Description of shaft-hub connections

REXS has also been extended to include the general description of shaft-hub connections. The main focus is on geometric descriptions and defining standard load capacity attributes. 
The following methods are available:

 

Table 1: Available descriptions for shaft-hub connections
Machine element Geometry Load carrying capacity
Interference fits - DIN 7190, DIN 743
Feather key connections DIN 6885 DIN 6892, DIN 743
Involute splines DIN 5480 -

Load capacity analysis according to FKM

The FKM Guideline includes verification of structural durability according to the current state of research. In contrast to DIN 743, the FKM Guideline can be used for any component, and with nominal or locally-solved stresses. Modeling in REXS is performed using a so-called FKM evaluation point, which is associated with existing components via an assembly relation. Components can be associated with notches, shaft-hub connections, and FE assemblies.

BASE64 encoding

BASE64 encoding has become the standard for efficiently transporting large amounts of data. Libraries for encoding and decoding are available for various programming languages. As of version 1.4, REXS can encode Base64 data. This can reduce file size by up to 75% and write and read times by up to 80%.

REXS in commercial and in-house software tools

REXS is already used by a large number of CAE tools. The FVA-Workbench simulation software supports import and export of all REXS versions. With the release of the FVA-Workbench version 7.0, REXS 1.4 is also supported.

“With REXS 1.4, the FVA-Workbench is a data donor for digital twins in drive system development.” Norbert Haefke, Managing Director of FVA GmbH

The REXS interface is not only used in commercial calculation programs. Drive manufacturers such as ZF Friedrichshafen AG are also basing their in-house calculation landscape on the open standard for automated calculations.

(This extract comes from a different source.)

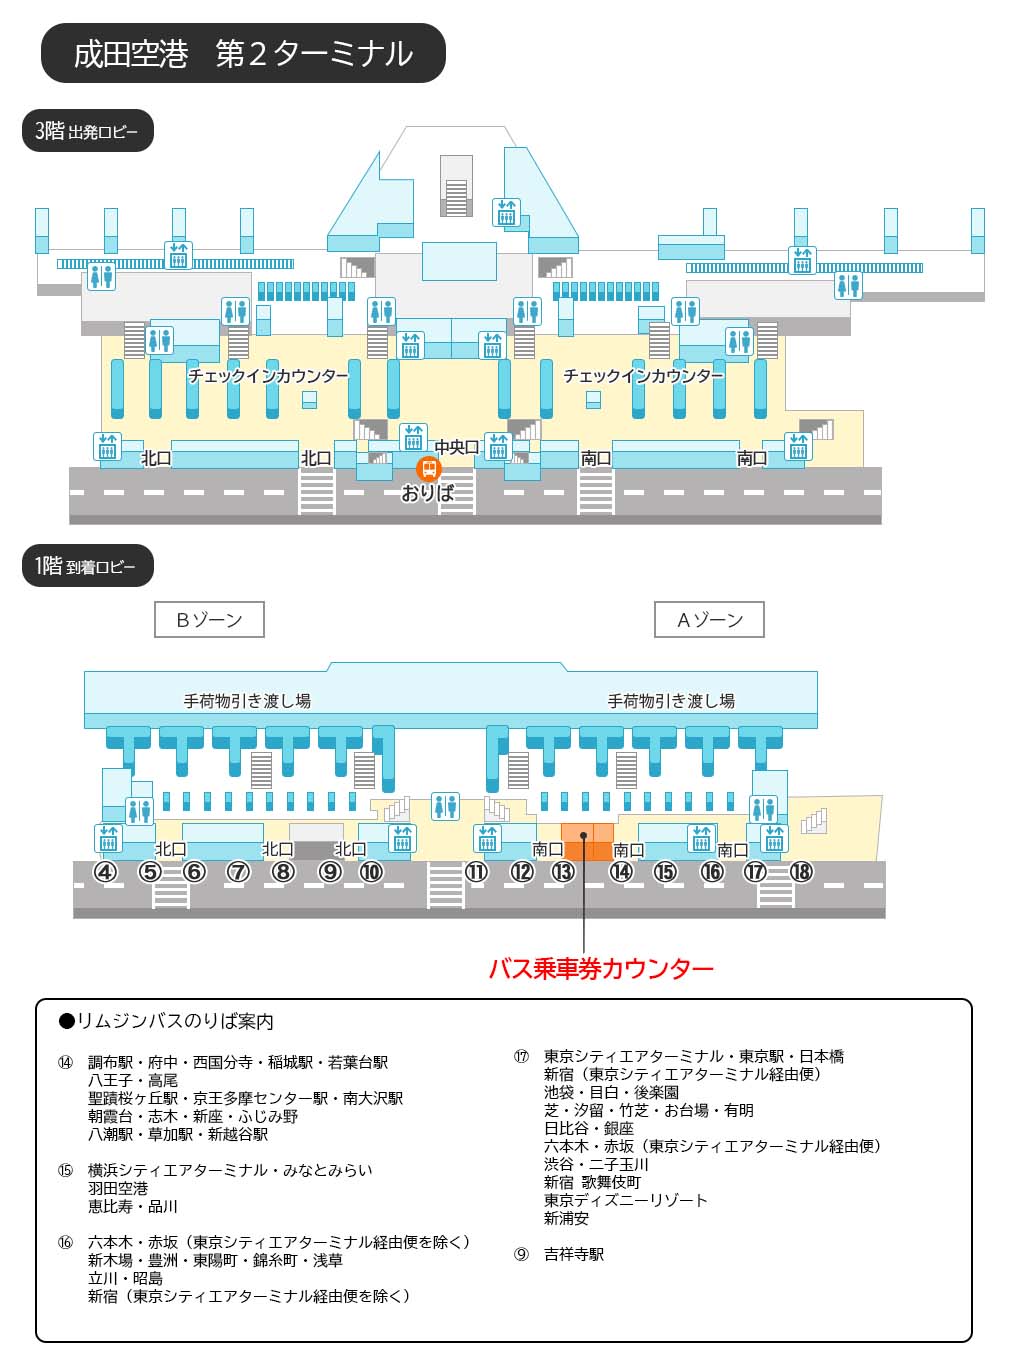 リムジンバス時刻表 リムジンバスの東京空港交通

“REXS enables us to uniformly describe and process drivetrains and components from multiple internal tools. This also creates synergies for us; for example, with the FVA-Workbench.” Klemens Humm, Head of Gear Development, ZF Friedrichshafen AG

Exchanging data between software tools

The following videos are impressive demonstrations of how the standard can be used to exchange gear data between calculation programs. All geometric data is included when transferring data between the FVA-Workbench and AVL EXCITE™. Calculations can continue directly in the new program without specifying the same data over again.

The requirements of the rolling bearing manufacturer Schaeffler AG played a decisive role in shaping REXS. Furthermore, Schaeffler’s internal calculation software Bearinx also supports REXS as a data interface. REXS enables the simple exchange of Schaeffler models with customers for further processing in Bearinx.

 

For a simple introduction to REXS, sample datasets for version 1.4 are available at www.rexs.info. The free tool can also be used to validate exported datasets. This is an easy way to verify conformity with the specification and ensure that the REXS files can also be used in other programs.

Key takeaways:

  • With the release of version 1.4, REXS creates a comprehensive data model for almost all gearbox development processes.
  • The geometry and load capacity of shaft-hub connections can now be modeled.
  • With generic point clouds, FE meshes can now also be transferred in the REXS data format.
  • With the new option to encode interface files using Base64, large arrays and matrices can be transferred quickly and easily in accordance with the specification.
  • The industry-driven development process ensures that new use cases for REXS are always represented.